The Radiator was a help but for only about 3 weeks. After that, it began to run rough and stall out on me. Sometimes not starting without pumping the gas, even though its fuel injected. Then it started to redline at lower speeds and is now not drivable. Im not sure where to go from here. Does anyone have a suggestion before I have to resort to the dealer?


----------



## octaneman (May 13, 2009)

Hi viijamessiiv


There is a coolant circulation problem even though the water pump and radiator has been replaced. Considering that you have replaced everything, do a complete engine block flush to clear out the crud that maybe blocking the coolant passages from the engine to the heater core. Take temperature readings from the upper and lower radiator hoses including the heater core hoses and feel if there is a substantial difference in temperature between them.

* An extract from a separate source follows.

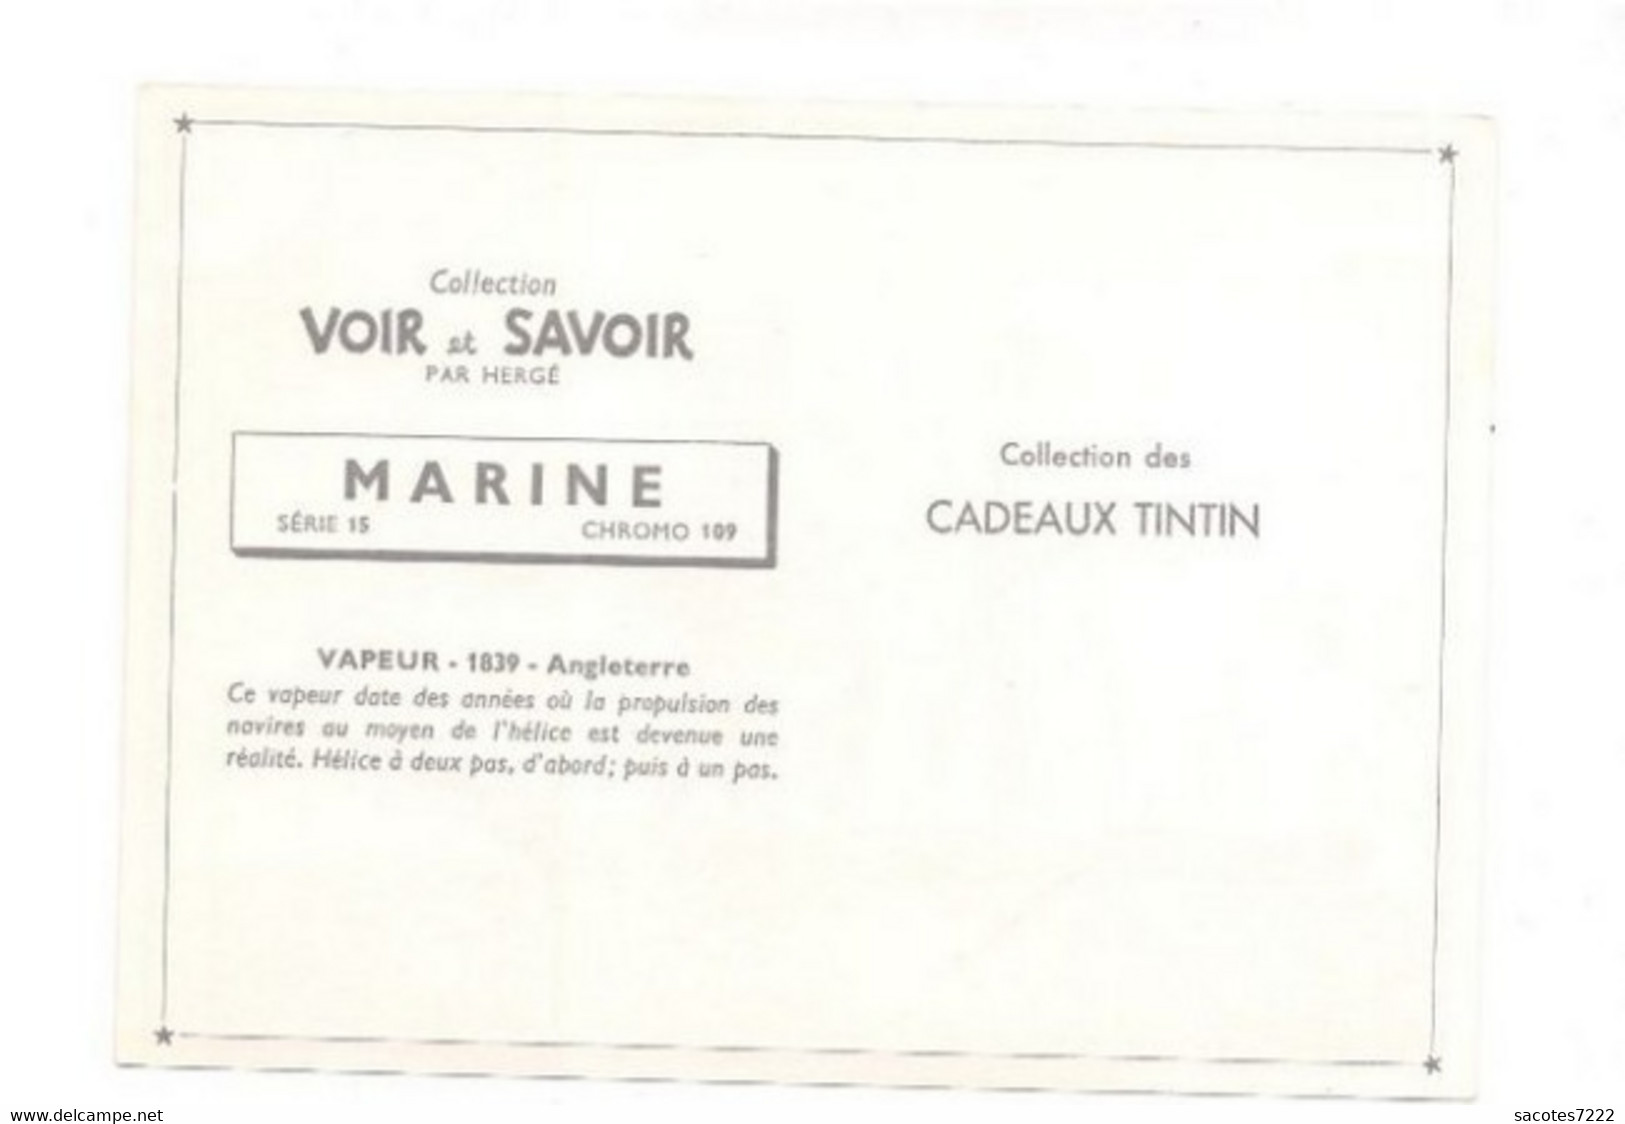 Collection Des CADEAUX TINTIN - CHROMO MARINE  : VAPEUR - 1839 - Angleterre    Série 15 N° 109 - - Chromo's
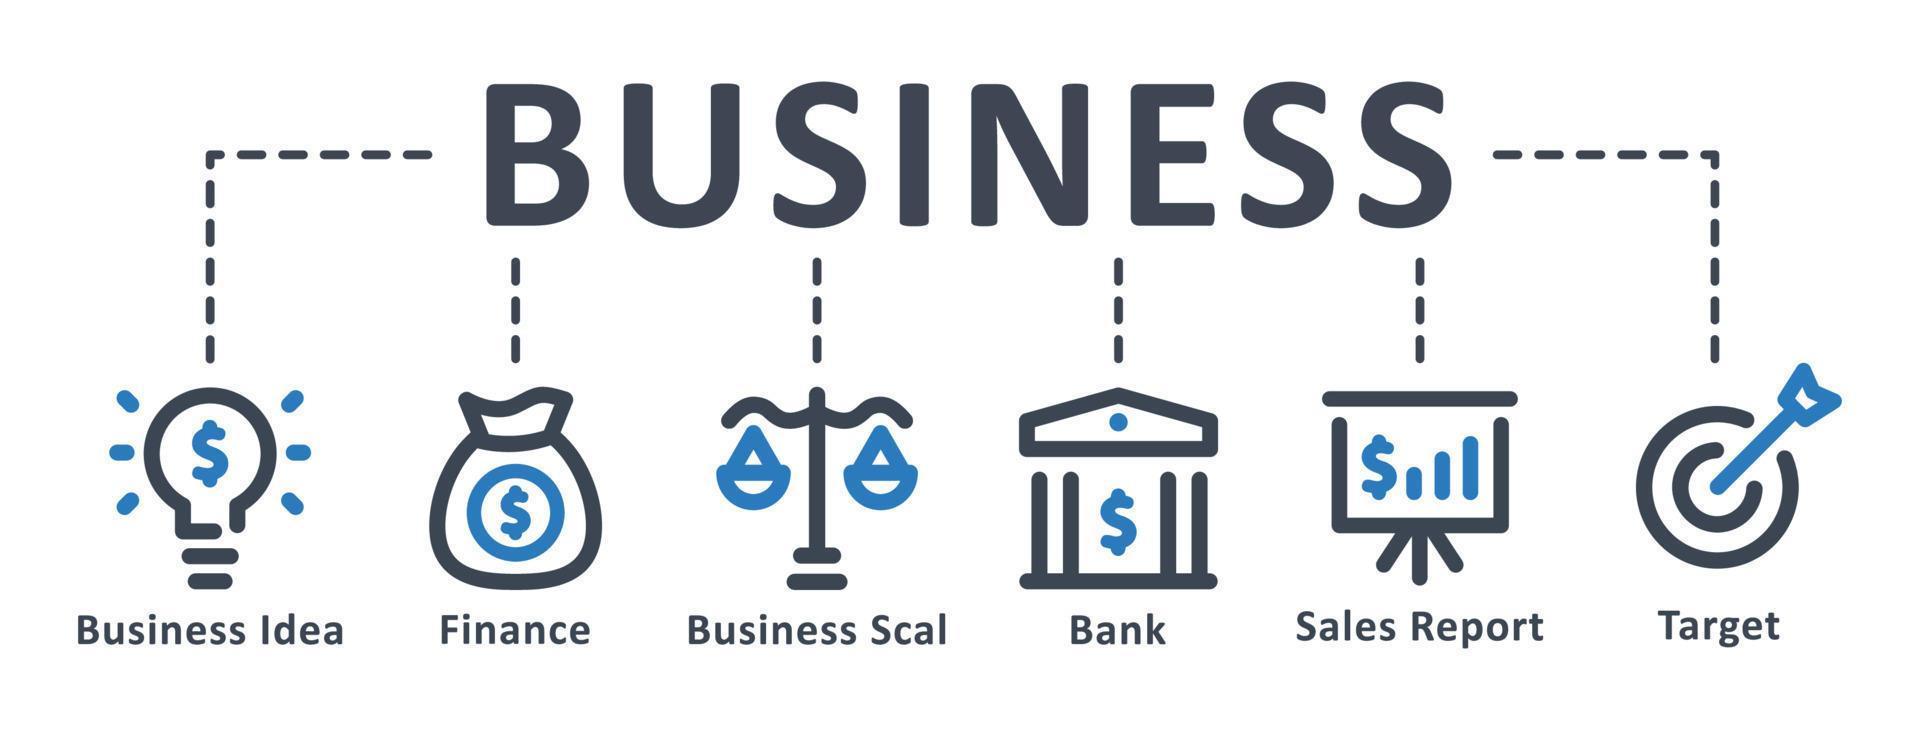 icona di affari - illustrazione vettoriale. affari, idea, finanza, investimento, obiettivo, banca, infografica, modello, presentazione, concetto, banner, pittogramma, set di icone, icone. vettore

If you do feel a difference, then the water jackets are blocked. Have you checked the coolant fan sensor ? Is there a bleeder screw on top of the thermostat housing to bleed the system ? If so did you bleed the system ?


----------



## viijamesiiv (Jun 28, 2009)

I talked to the mechanic that replaced that cooling system parts and he says he bled the cooling system. Although the "Low coolant" light is lit up on my dash, there is plenty of coolant. If there in fact may be a blockage, what would cause the rough idling and stalling? This started happening just before it began to redline (completely overheating).


----------



## octaneman (May 13, 2009)

The low coolant light can be either a bad sensor or the wires are grounding somewhere. When the engine starts to overheat the temperature sensor is giving signals to the computer to correct the air/fuel ratio, but it also takes readings from other sensors and attempts to compensate the difference throwing the engine off balance. The computer only knows what the sensors tell it, and when the readings conflict with its internal programming the computer will go into limp home mode telling the user there is a problem with the sensors and it warns the driver with the check engine light. If the engine has seriously overheated, then it's not uncommon to find the coolant temperature sensor for the ECM to be burned out. The coolant sensor can be fooling the ECM that the engine is dead cold and send false readings causing the engine to rev high even though its hot.


----------